The userspace utility mkfs.lfs is used to build a LFS file system on a block device, usually a disk partition. You can see the commandline usage below. mkfs.lfs supports many more options than described here, but for the reasons mentioned in the introduction, a file system with only a well tested default setting is built. Of course any setting supported by the mkfs.lfs creates a correct file system.

mkfs.lfs 's only task is to build a new empty volume and setup all on-disk structures (for details on structures see Sec. 4) so that the volume can be mounted by the Linux kernel. Creating a new LFS volume is a little bit more complicated than a static file system like the most popular ext2 or its descendant ext3. mkfs.lfs does not only write segment headers and superblocks to the disk, but also has to write initial information to .ifile and the root directory. Since the file contains information about segment-usage and the inode table, writing this file to the disk changes the information which is included in the file itself. Therefore a special measures must be taken. The whole process is divided into three phases. In the first phase the root directory is written, next the .ifile is created and written. After its inode is know, writing the superblocks and empty segments (non-data segments) finalizes the whole process. Detailed description of all phases follows.

Initiation

The first step is to determine the size of the target device, because it determines positions of the superblocks as well as the initial size of the .ifile . As already mentioned, the .ifile consists of two parts (see Sec. 4.5 and Fig. 4.3). First part is a static table with an entry for each segment, whereas the other part is a dynamic inode table. As mkfs.lfs creates a file system with just a root directory and the .ifile , the inode table has a known size with just two inodes.
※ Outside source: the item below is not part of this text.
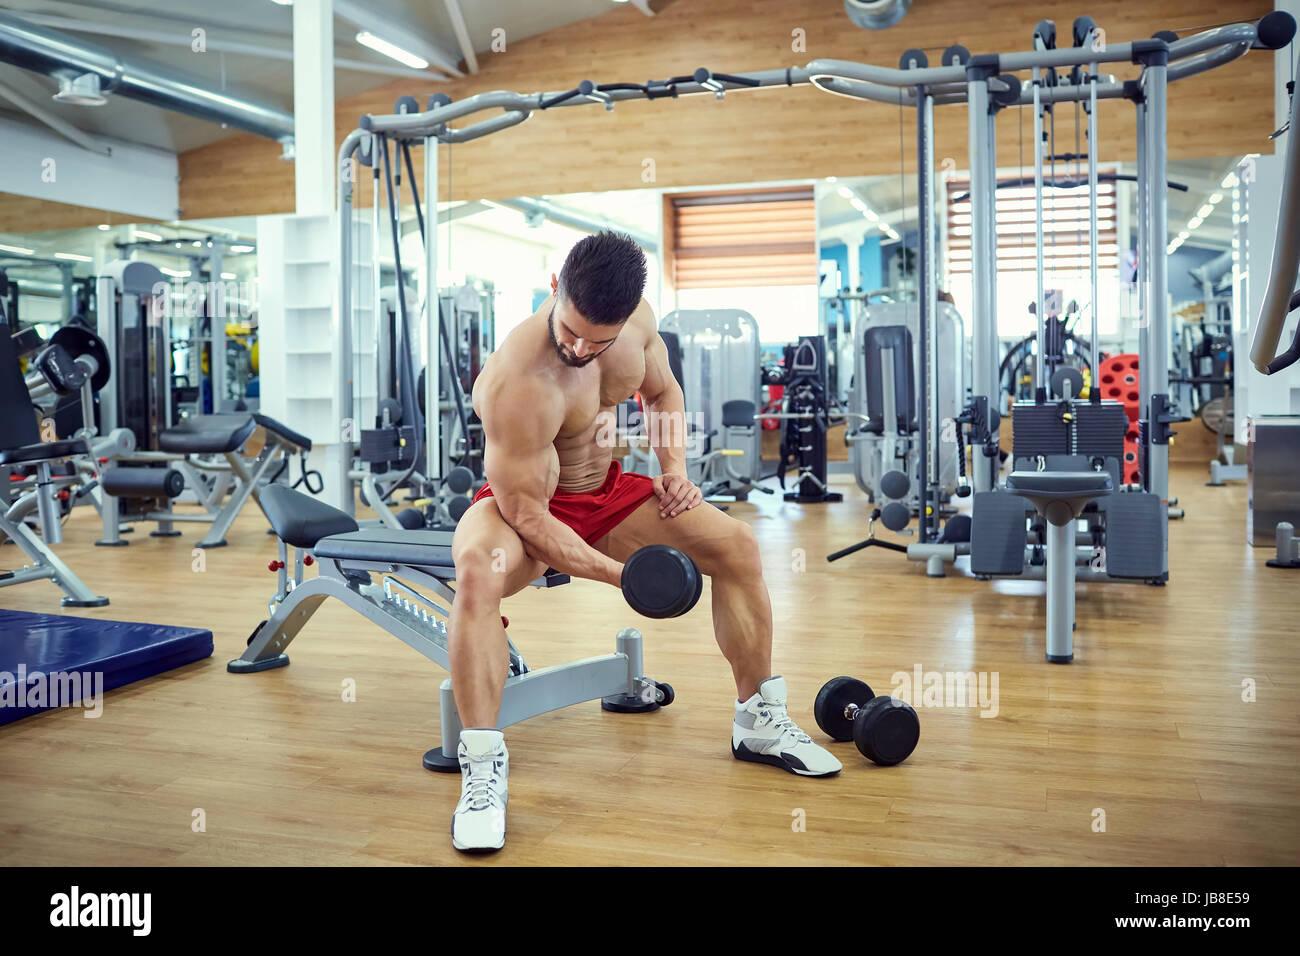 Allestitore non esercizi con i pesi in palestra Immagini Stock

We are trying to keep the mkfs-code as simple as possible. Because we are about to write only a limited amount of data (.ifile, root) to the beginning of the disk, we use mmap() to remap first few megabytes of the device to the address space of the mkfs.lfs process. For the sake of simplicity we support .ifile with double indirect blocks only, which limits its size to approx. 1MiB. This implies that the largest supported volume is 64 TiB. This is enough for current hard drives as well as for the near feature. If support for larger devices is needed, it is possible to add this.
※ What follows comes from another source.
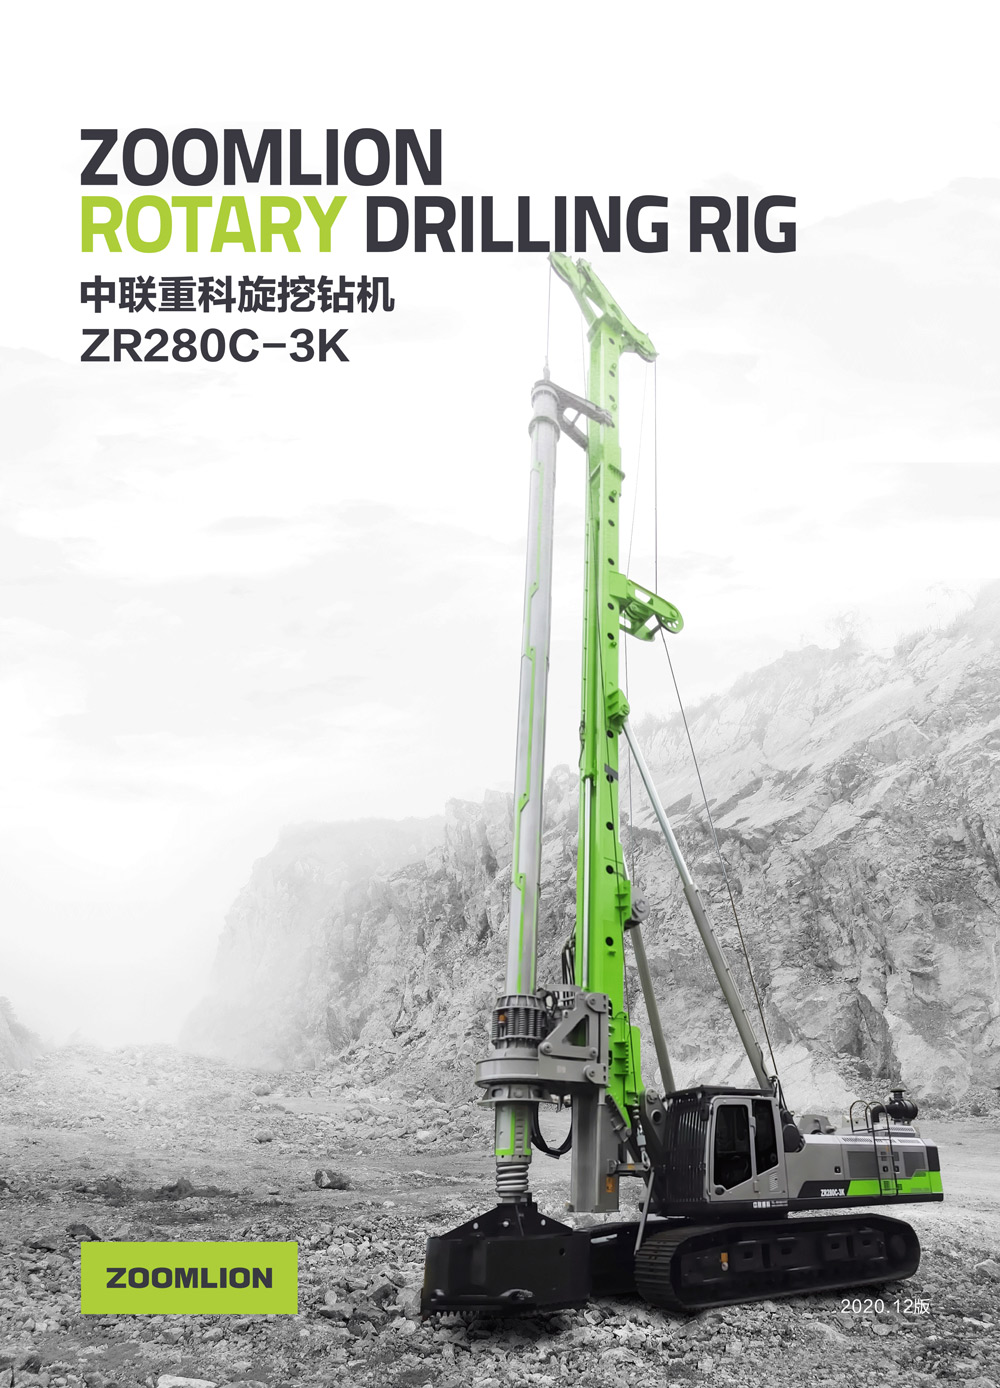 中联重科ZR280C-3K旋挖钻机高清图 - 外观

We were considering whether to use mmap() or seek() and write() but for the above mentioned limits and since the mkfs.lfs supports different segment and block size configurations, it is very much simpler not to deal with write-buffers and be able to access the written parts of disk randomly. We benefit from random access especial when writing out the .ifile as the finfo structures must be updated. On the other hand we use seek() and write() for writing non-data segments farther from the beginning of the device. Both approaches are described in more detail in Sec. 7.1.4 and Sec. 7.1.5

Ifile initiation

After we know how large the .ifile should be, we allocate its in-memory representation. Throughout the whole process of a file system creation the .ifile is updated and read until finally written to the disk. The most important for understanding the following text is that the segment usage table is also initiated. Positions of the superblocks is fully determined by the size of the device. The inode table carries information about which segments are reserved and which are used for superblocks as well as which segment where written by data. .ifile is described in more detail in Sec 7.1.4.

Write functions design

This section describes the general structure of functions used to write data to the device. Currently only root directory and .ifile is written, but it gives us an opportunity to extend the mkfs.lfs abilities to include more data and structures if needed.

Each write function takes as a parameter number of the first segment where to write. Because of the log nature of this file system, we write contiguously to successive segments as mkfs.lfs , to certain extent, simulates writing by the kernel module. Therefore each of the functions which write data to the device return the number of the last written segment. This, incremented by 1, can be passed to a next write call. It is legal to write a segment only partially, so we do not have to check if the last segment was fully written, but the new write can start in the next one. This simplifies the write code very much. Leaving gaps in segments is not an issue since data will become changed and moved to another segments and those abandoned will be reclaimed by the garbage collector

Another write issue is related to the superblocks. No data is written to segments that are reserved for superblocks (see Sec. 4.2 on page ). Therefore each function must take care of that and skip them. It is simply achieved by reading the segment usage table from the in-memory .ifile .

Root directory

Function write_root() writes the root directory together with its inode to the first data-segment (no data segments were written yet). Actually, the first available segment must be found since there might be some reserved segments at the beginning of the device, perhaps followed by the first superblock.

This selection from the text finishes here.